Summer Stories | September 12, 2021
The Passion of Don Julio
by Robert Oates
Edward S. Curtis from “Portraits from North American Indian Life”
When I was a young man newly married, I came to Mexico City. I took an apartment in a building in the old quarter. I had a friend there, an older gentleman of means. He always wore suits of white linen and his hat was a fedora of straw. His name was Don Julio.
Don Julio was a guitarist of considerable virtuosity and well known in the city those days. Even when modern materials came into fashion, the strings of his guitar were of gut.
Twenty five years before, he had been in love with a woman in my building, the beautiful Carlotta. She was a widow and had a bird, a toucan which lived in a cage by the window. Each afternoon at two, he would come to her apartment and the sound of their love making could be heard on our floor.
After many years, the toucan began to mimic the sounds that it heard every afternoon, until all other sounds were forgotten. From its cage by the window, the bird would perform the passion of Don Julio and the beautiful Carlotta for the street below. Boys would tuck their soccer balls under their arms and stare up at the window, mouths agape. Their grandmothers would make the sign of the cross and hurry along. Don Gildardo would make excuses to linger out front of his shop and indulge himself in reverie. He soon had to go back inside.

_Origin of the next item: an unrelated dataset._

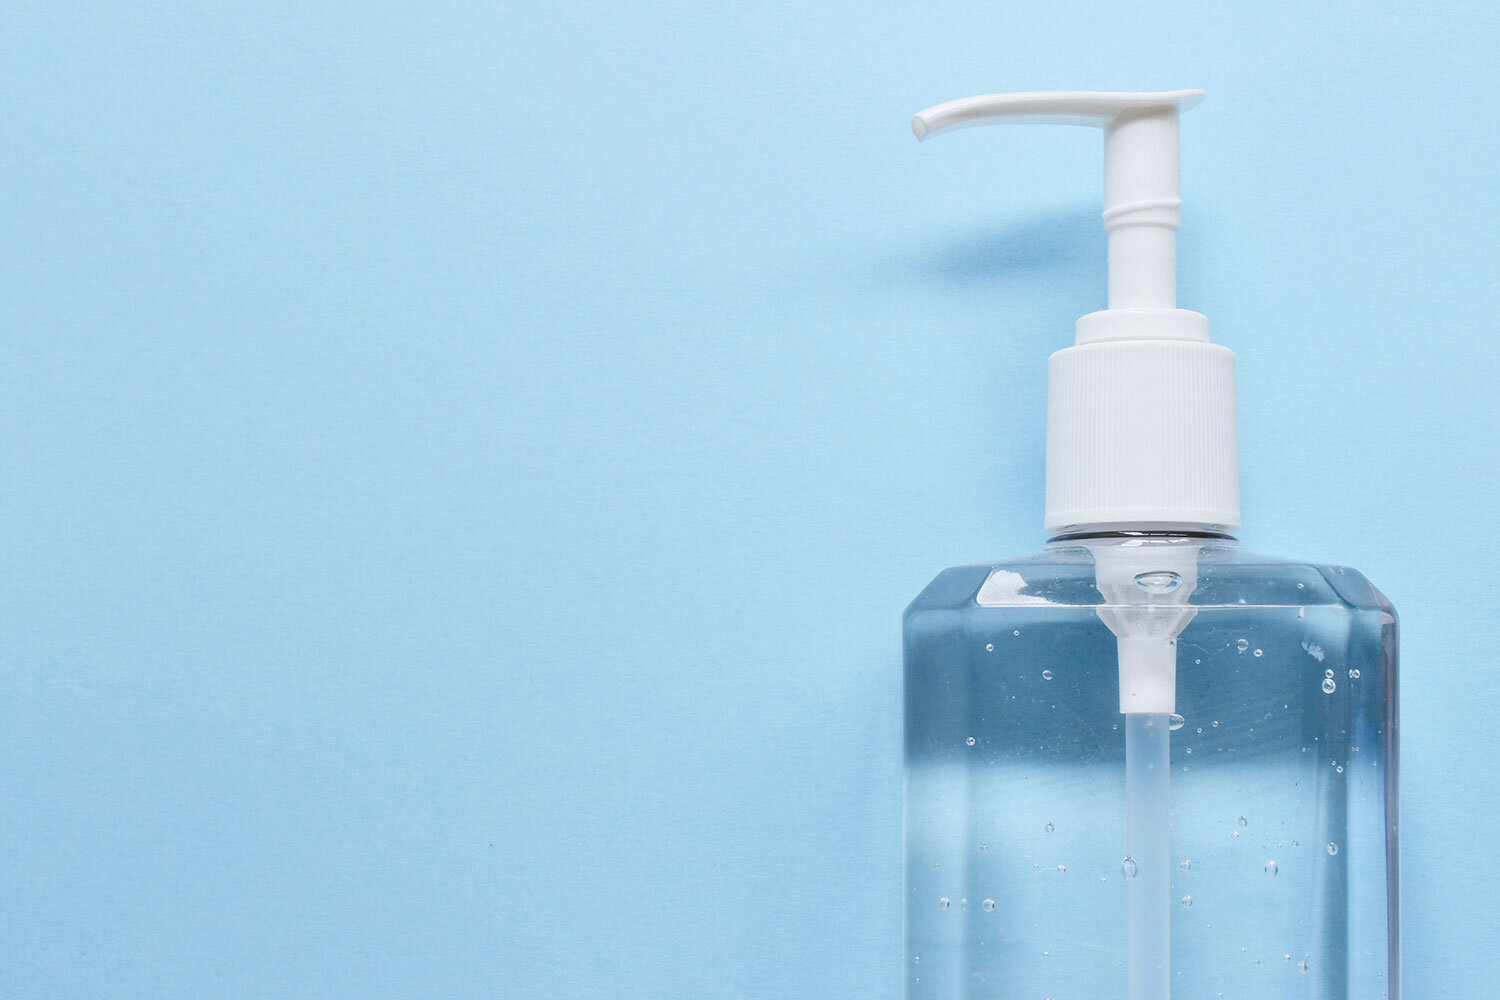 Hand Sanitizers Are Designed to Protect People Navigating This Environment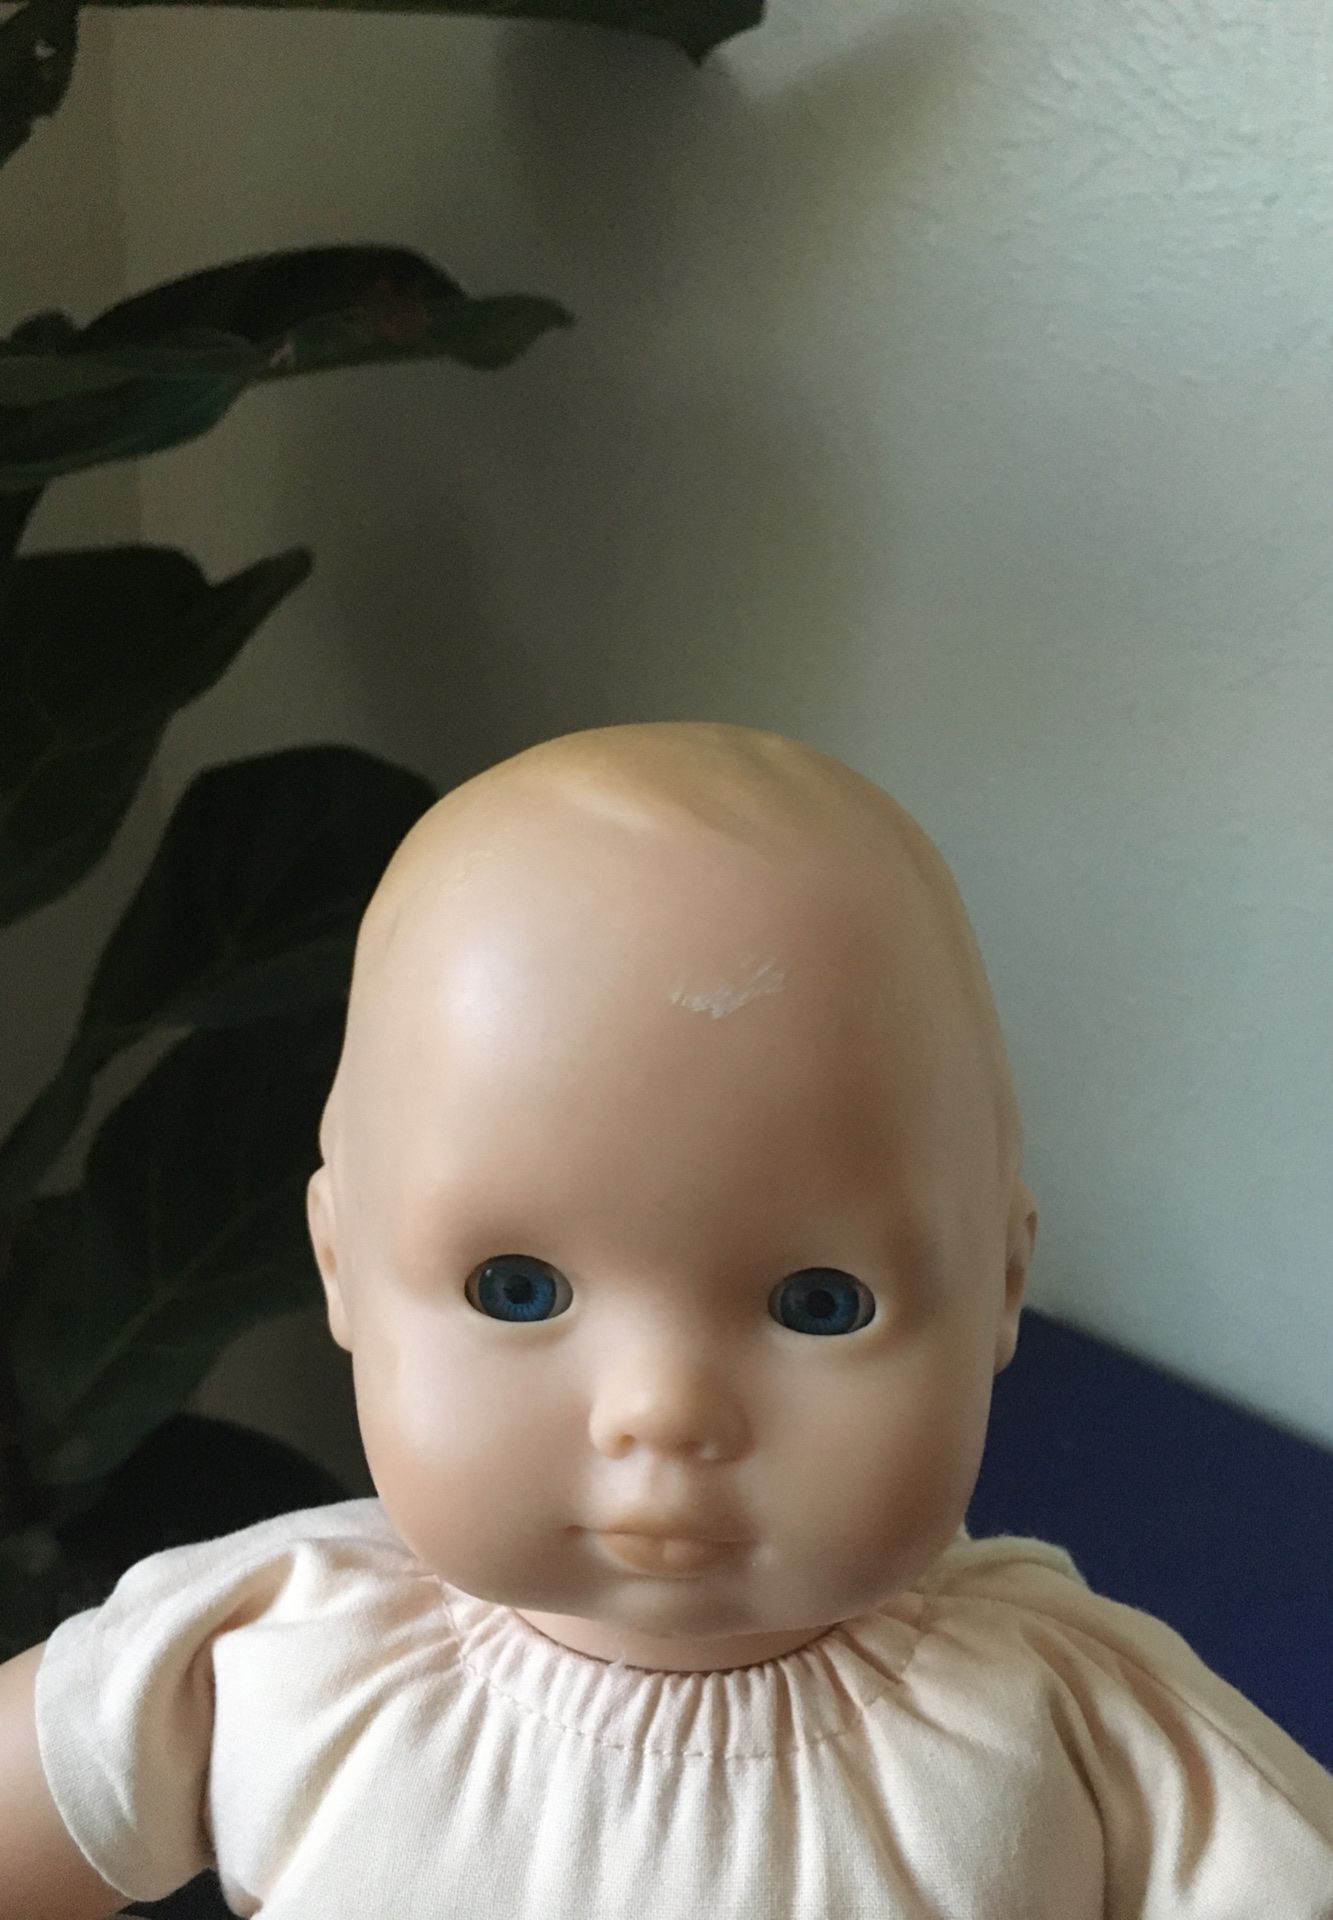 👧🏼American girl bitty baby doll collection. Great condition.

One afternoon at two, Don Julio stepped onto our street. It so happened that the toucan was performing. Don Julio stopped, his eyes slowly reaching the window above our street. He did not recognize his own voice in the animal’s cacophony as it wafted down. But the voice of the beautiful Carlotta was as the very music of his soul, and unmistakable. The straw fedora fell away. He mopped his brow with red silk from his breast pocket. He pulled his guitar from its case, for he was never without it. And he played as never before, and he sang, so sad and beautiful that the bird fell silent. And then, when he was finished he took his pistol from his waistband, for he was never without it. He placed the gun to his temple and he was no more. Ever after the toucan sang only the passion of my friend Don Julio. Always, the song ended with the perfect crack of the gun.
The beautiful Carlotta wept and wept. But she could never bring herself to place the white linen cover over the cage. The carpets on our floor were always soggy with her tears. After many years the water seeped into the foundation and the building was condemned and we had to move away.
Robert Oates is a musician from California.